▽
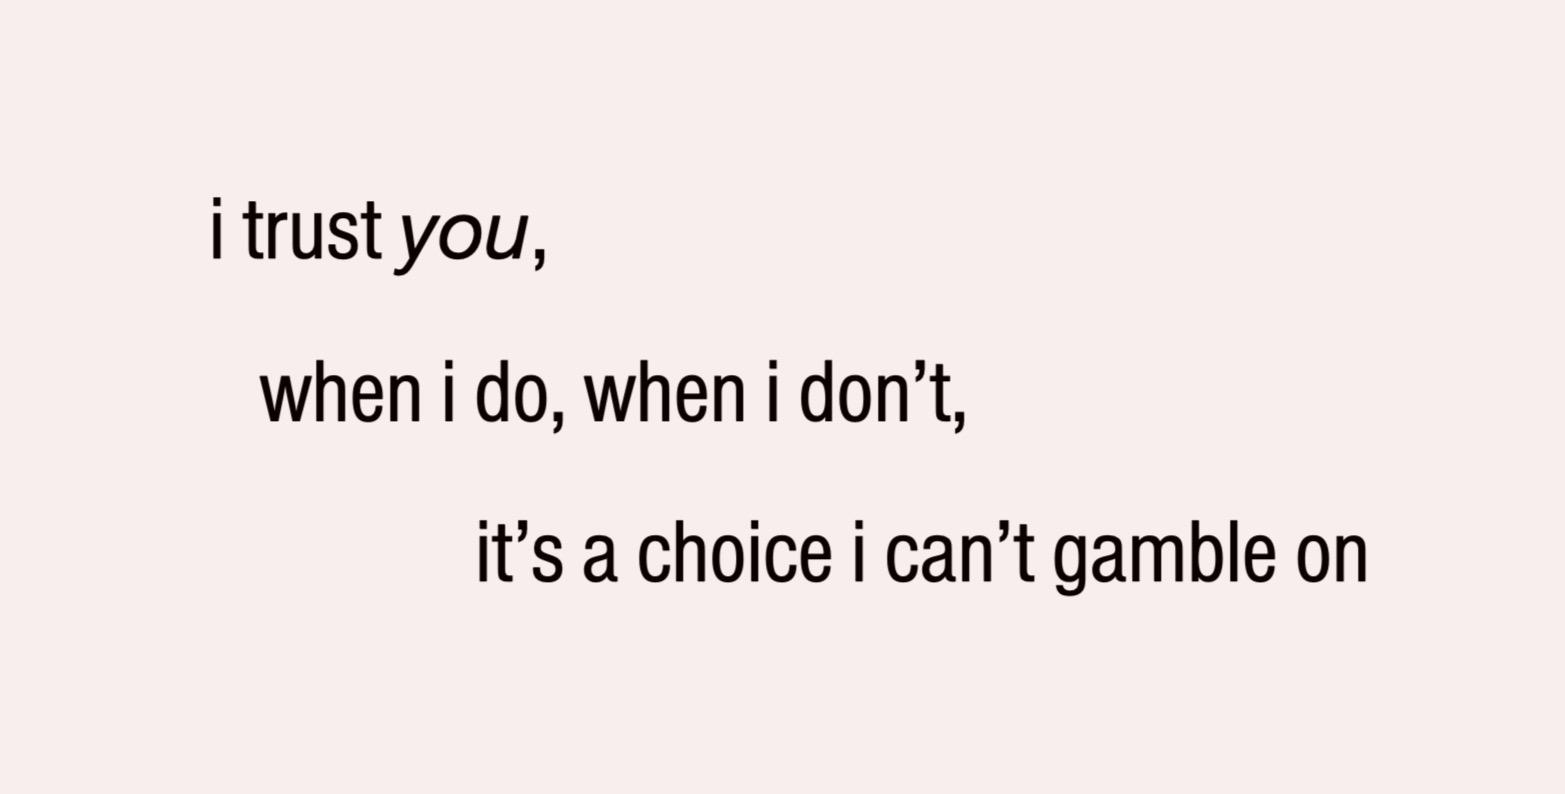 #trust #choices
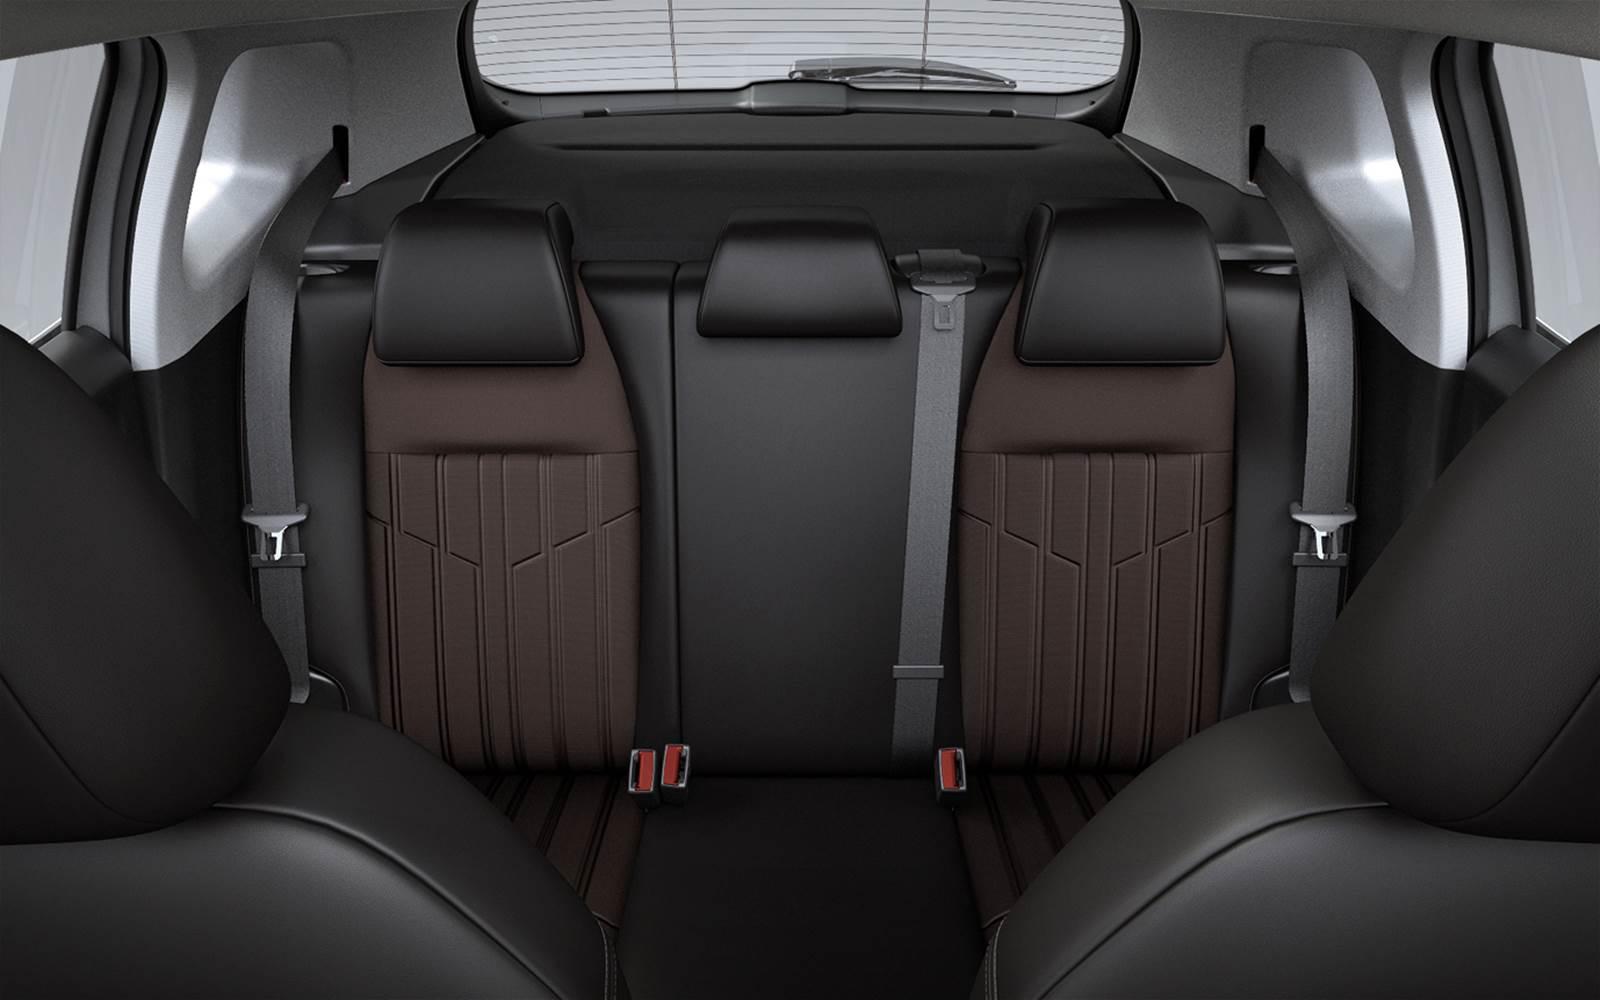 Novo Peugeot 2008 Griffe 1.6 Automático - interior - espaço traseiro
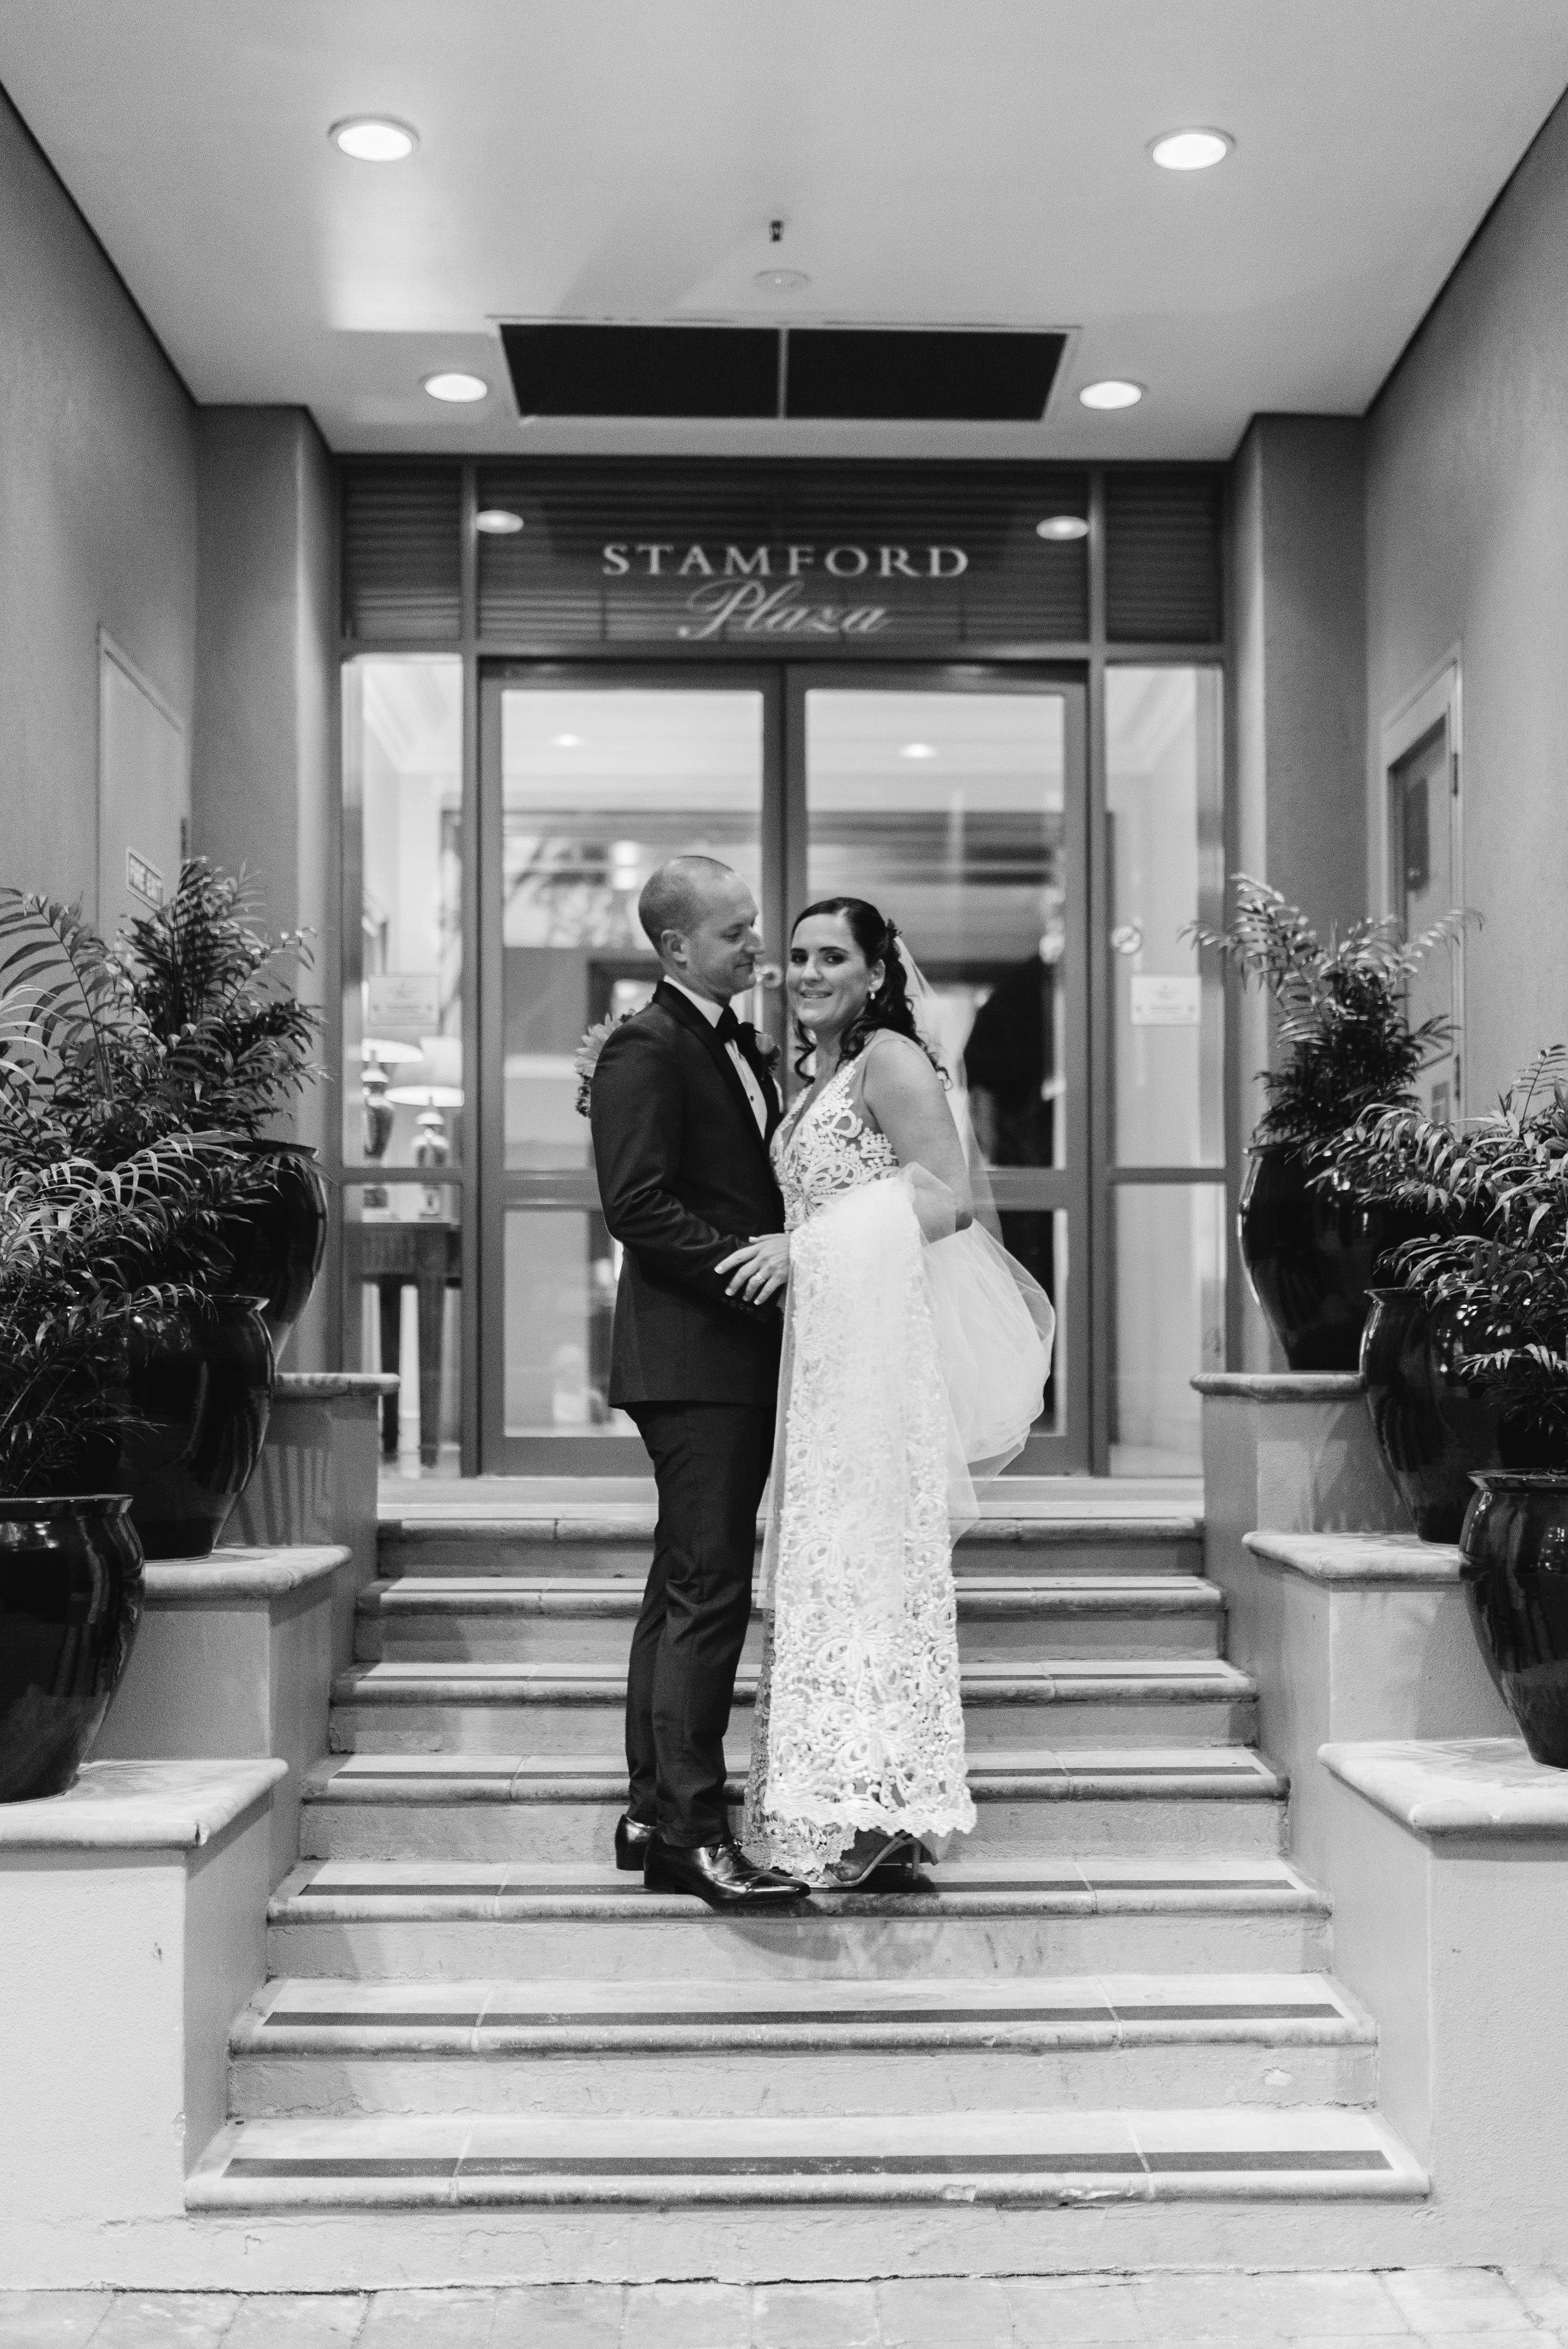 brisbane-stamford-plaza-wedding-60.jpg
△
Work to be completed :: Leaving every picture out, write out exactly the lines from the one that holds "Novo Peugeot 2008" through the end of the listing, both included.

Answer to this exercise ::
 Novo Peugeot 2008 Griffe 1.6 Automático - interior - espaço traseiro
 brisbane-stamford-plaza-wedding-60.jpg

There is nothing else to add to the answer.